China-Based TikTok Actively Banning The Gay Away When Not Helping Authoritarians Be More Authoritarian (original) (raw)
from the when-your-core-users-don't-actually-use-the-app dept
TikTok is the new Vine. (I apologize if this sentence is incomprehensible. If I wasn’t raising teens, it would be pretty much incomprehensible to me too.) The social media platform that allows users to upload short video and encourages remixing via duets or reaction videos has roped in a billion users in a surprisingly short amount of time.
It’s fun for (almost) all ages. The younger you skew, the more popular it is. Fun for all ages, but not all sexualities apparently. The app was created by Chinese company ByteDance, so it’s more than receptive than most to calls to censor content based on countries’ desire to mute those who aren’t heterosexual. (h/t K’Tetch)
The Guardian has been reporting on ByteDance’s censorial efforts on behalf of governments around the world. Unsurprisingly, censorship begins at home.
The documents, revealed by the Guardian for the first time, lay out how ByteDance, the Beijing-headquartered technology company that owns TikTok, is advancing Chinese foreign policy aims abroad through the app.
The revelations come amid rising suspicion that discussion of the Hong Kong protests on TikTok is being censored for political reasons: a Washington Post report earlier this month noted that a search on the site for the city-state revealed “barely a hint of unrest in sight”.
The proxy censorship is applied in two ways. ByteDance will delete content it finds unacceptable — including content it finds unacceptable on behalf of others. It also bans users for repeatedly posting content it later deletes. In other cases, the content stays up, but ByteDance severely reduces its visibility. The end result is a video-sharing platform that contains almost no videos highlighting the protests in Hong Kong.
But it’s not just political, even if TikTok’s content-burying efforts come at the behest of political parties. The follow-up report from The Guardian notes TikTok has been instrumental in excising plenty of content that fails to denigrate non-hetero relationships and lifestyles.
TikTok’s efforts to provide locally sensitive moderation have resulted in it banning any content that could be seen as positive to gay people or gay rights, down to same-sex couples holding hands, even in countries where homosexuality has never been illegal, the Guardian can reveal.
[…]
[An] entire section of the rules was devoted to censoring depictions of homosexuality. “Intimate activities (holding hands, touching, kissing) between homosexual lovers” were censored, as were “reports of homosexual groups, including news, characters, music, tv show, pictures”. Similarly blocked was content about “protecting rights of homosexuals (parade, slogan, etc.)” and “promotion of homosexuality”. In all those guidelines, TikTok went substantially further than required by law.
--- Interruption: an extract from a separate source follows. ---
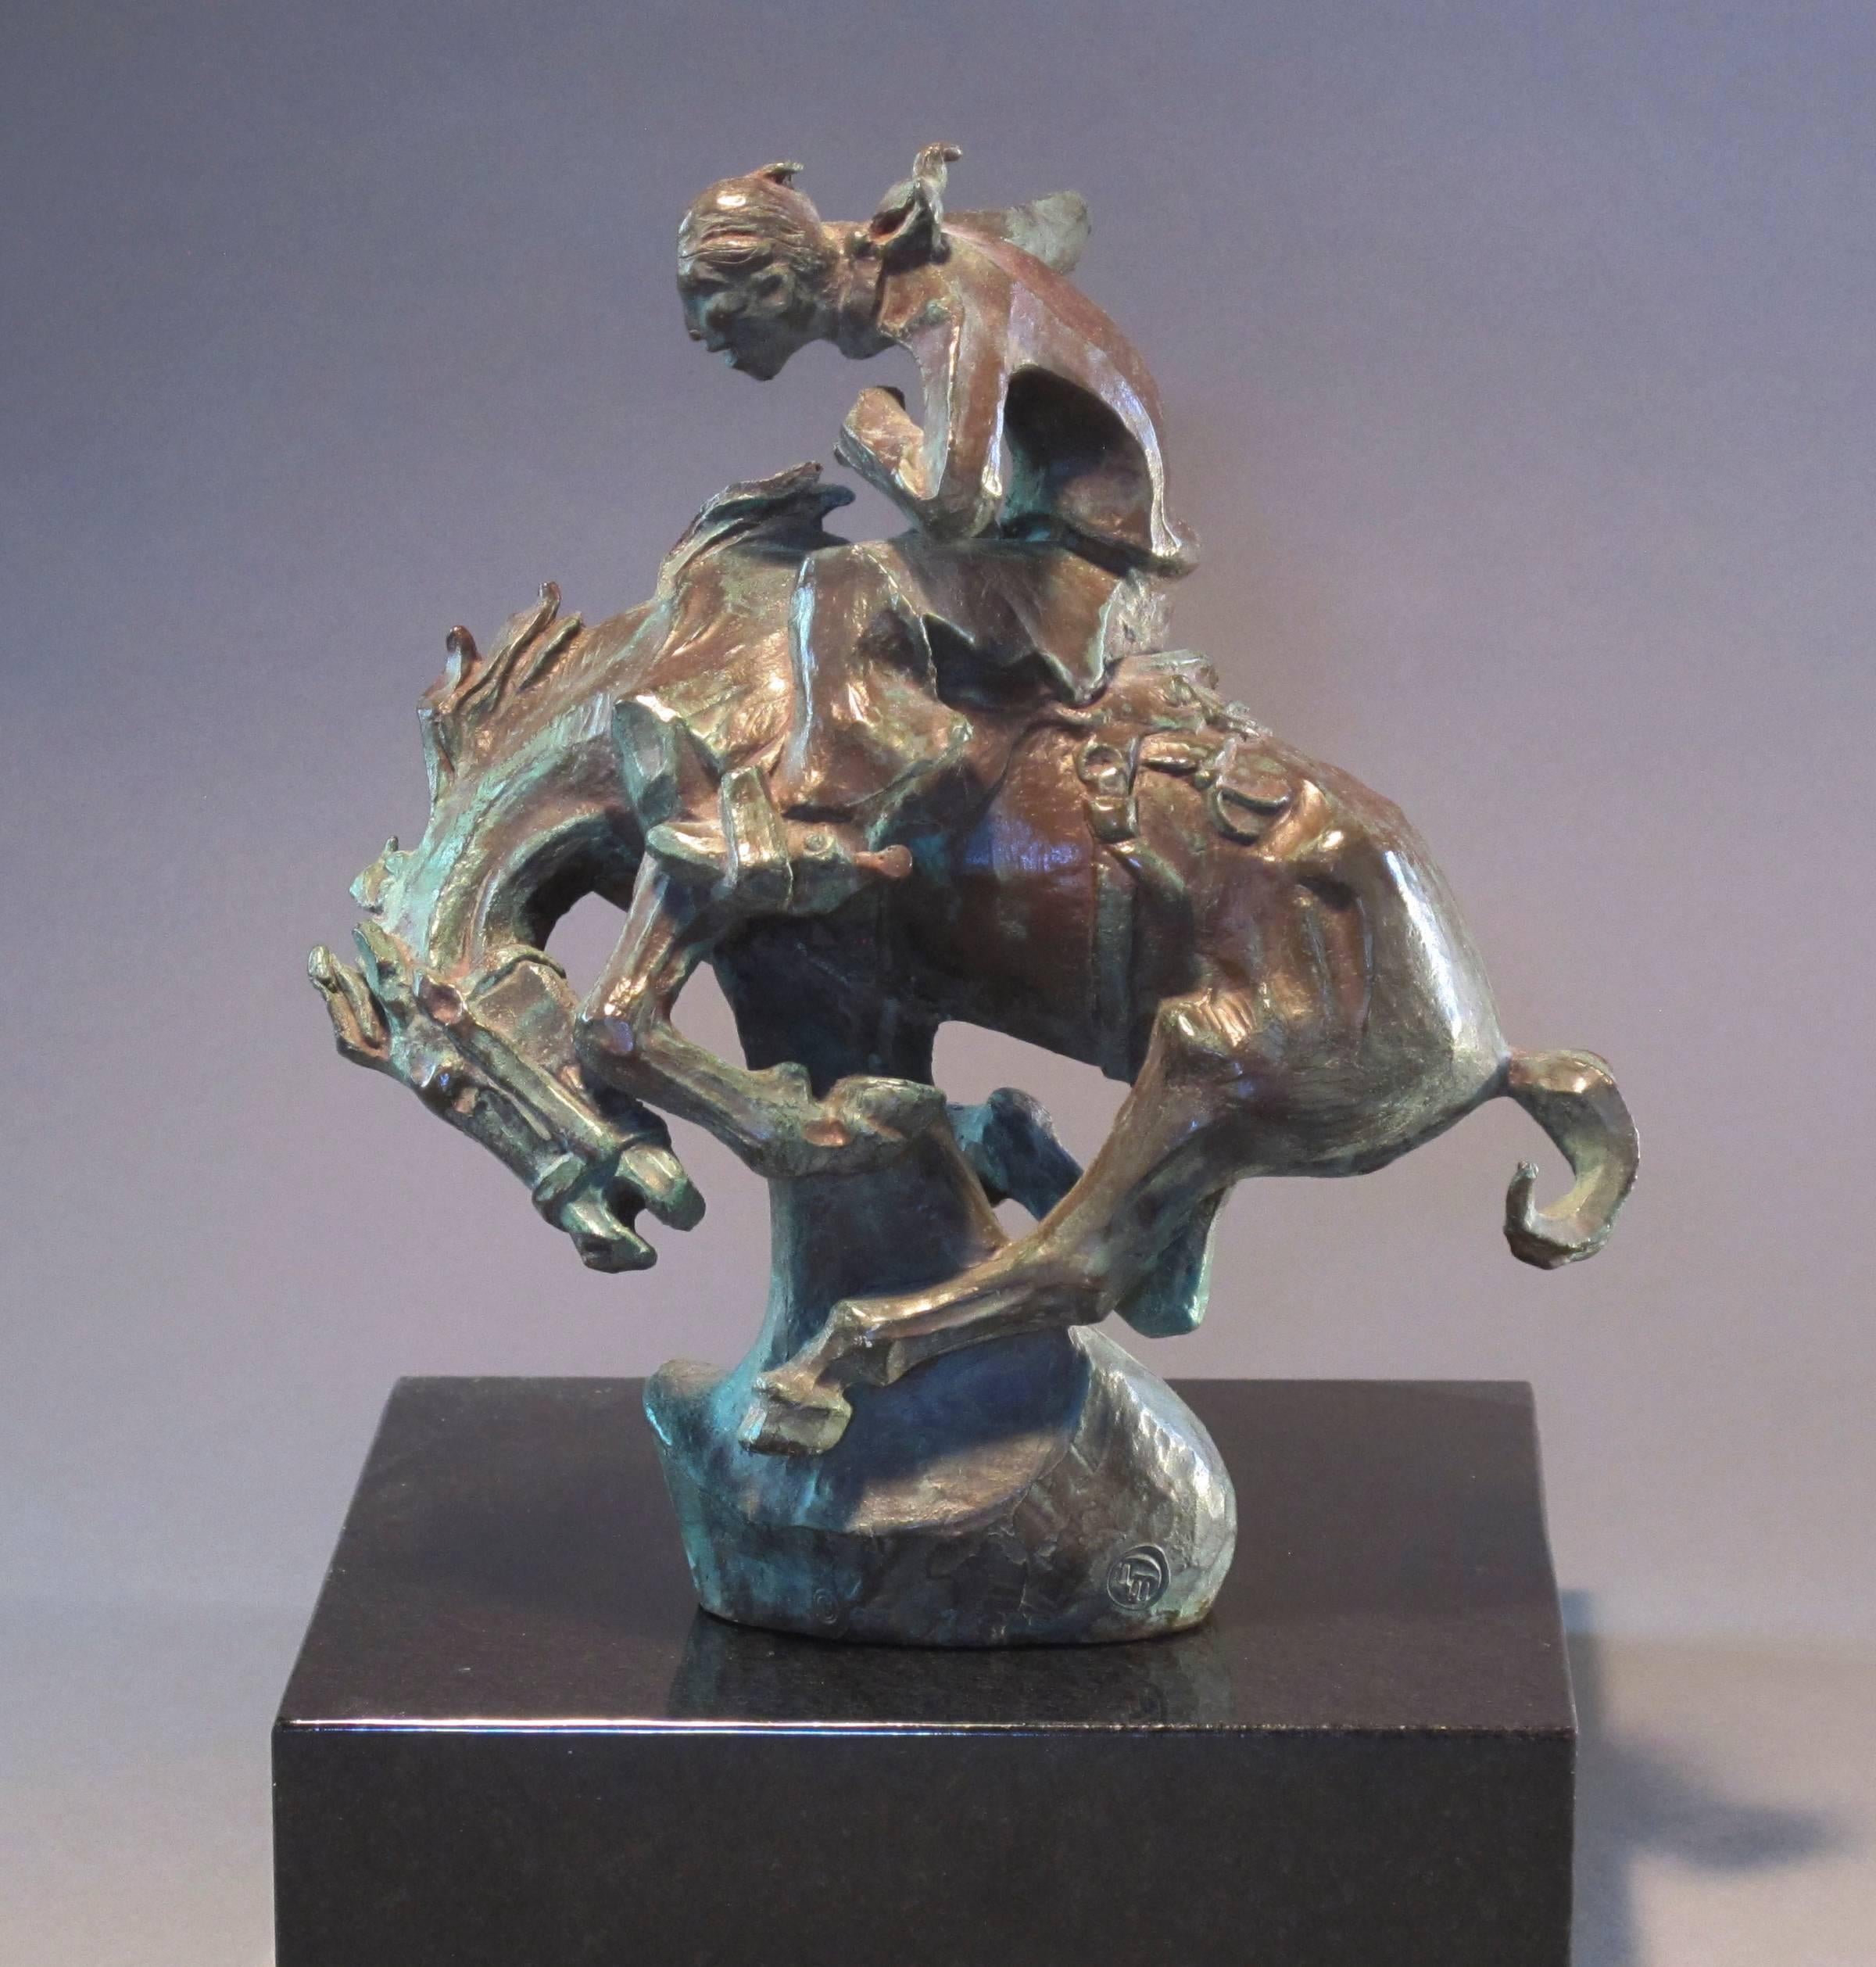 Cowboy Bronco Rider - Sculpture by Allan Houser

TikTok’s overzealous content moderation goes further than just muting pro-gay content. It also covers a ton of content various governments find somewhat offensive, but not enough to actually outlaw it. TikTok prevents users in Turkey from mocking the ultra-mockable Recep Erdogan, as well as posting depictions of “non-Islamic gods.”
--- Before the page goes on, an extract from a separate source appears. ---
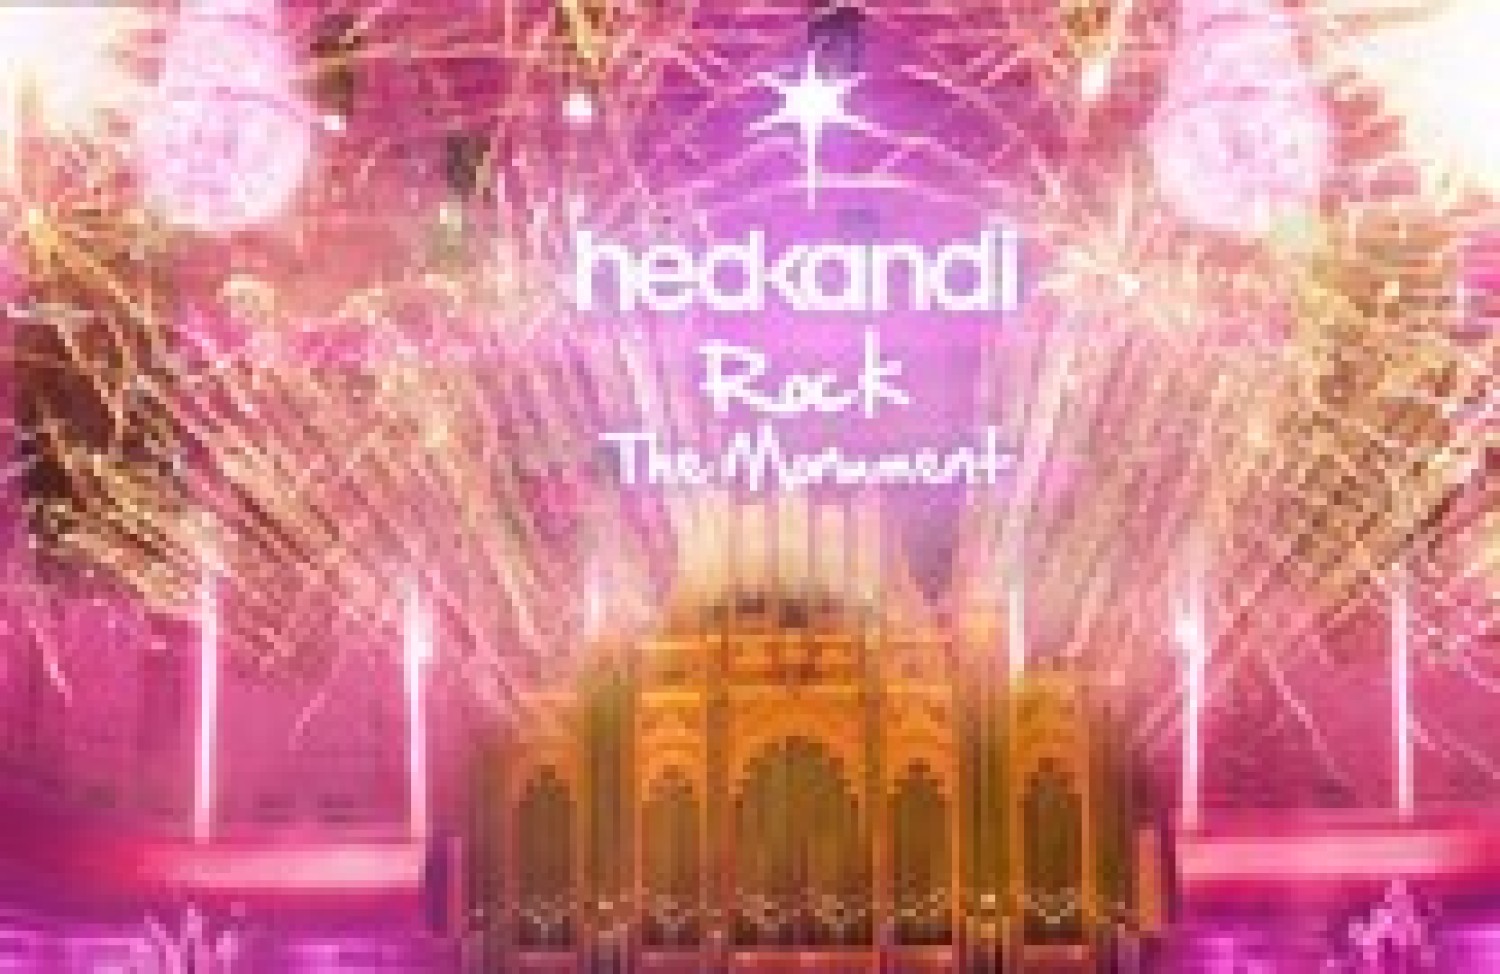 Party nieuws: Hed Kandi will rock Philharmonie Haarlem!

ByteDance calls its content-blocking efforts a “localised approach.” But it’s really just an extension of something that’s all too familiar to citizens of ByteDance’s home country: the elevation of governments above citizens, even though its citizens that use the app, not governments.
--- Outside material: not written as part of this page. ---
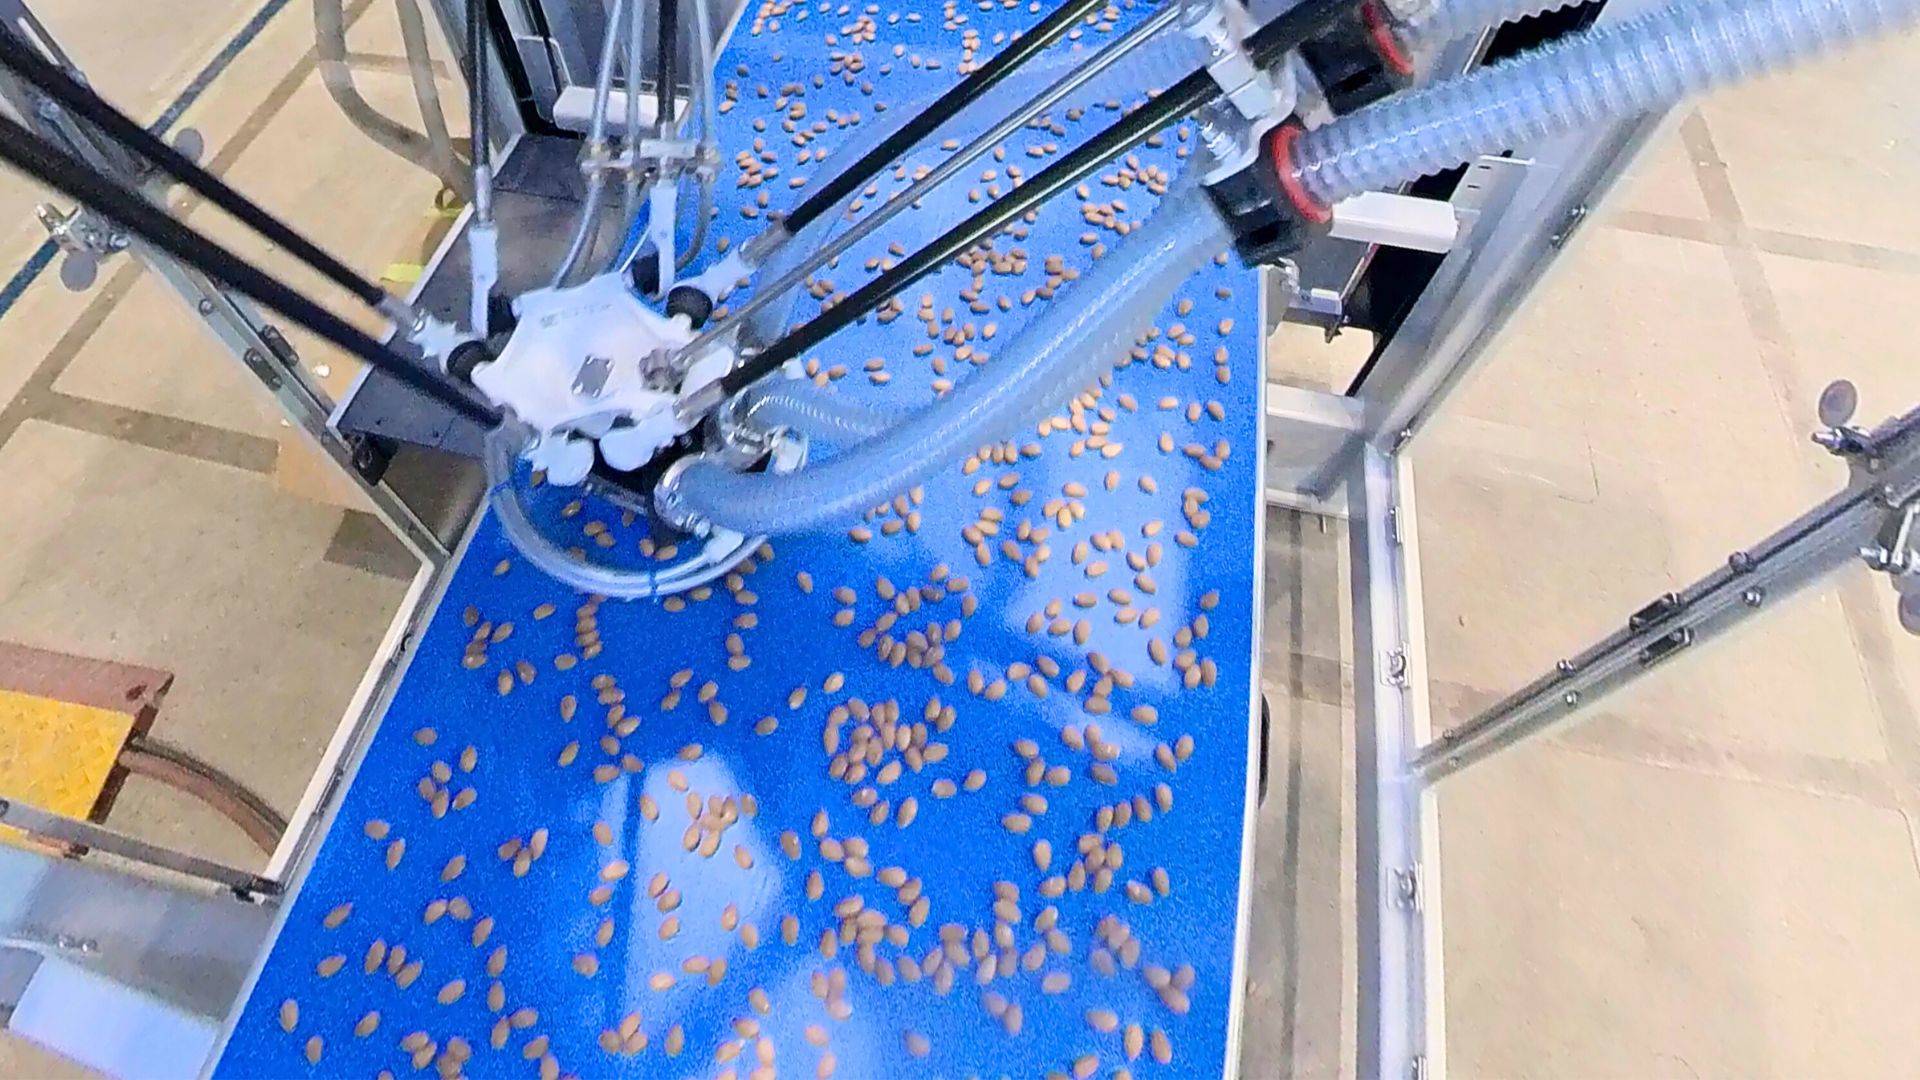 Robotic nut sorter picking almonds

Weirdly, ByteDance is far more permissive than many social media apps when it comes to questionable content involving children. Sexualized content featuring children tends to avoid moderating efforts — something TikTok encourages by telling moderators to treat every video subject as over the age of 18 unless they have proof otherwise.
As a private company, TikTok is not a censorship body on its own. It can moderate content however it sees fit without trampling on people’s rights. The problem is TikTok has become an unofficial extension of multiple governments by adopting their rules for acceptable content, rather than applying its moderation consistently across the board.
This doesn’t necessarily make ByteDance worse than US-based social media platforms. The only difference is its country of origin, where broad censorship is considered normal, rather than an aberration. But US social media companies do the same thing. To avoid being blocked in more authoritarian countries, platforms aid and abet the oppression of citizens by agreeing to follow whatever censorial laws these governments have put in place, even if it means suppressing dissent and making things more dangerous (and less appealing) for their users.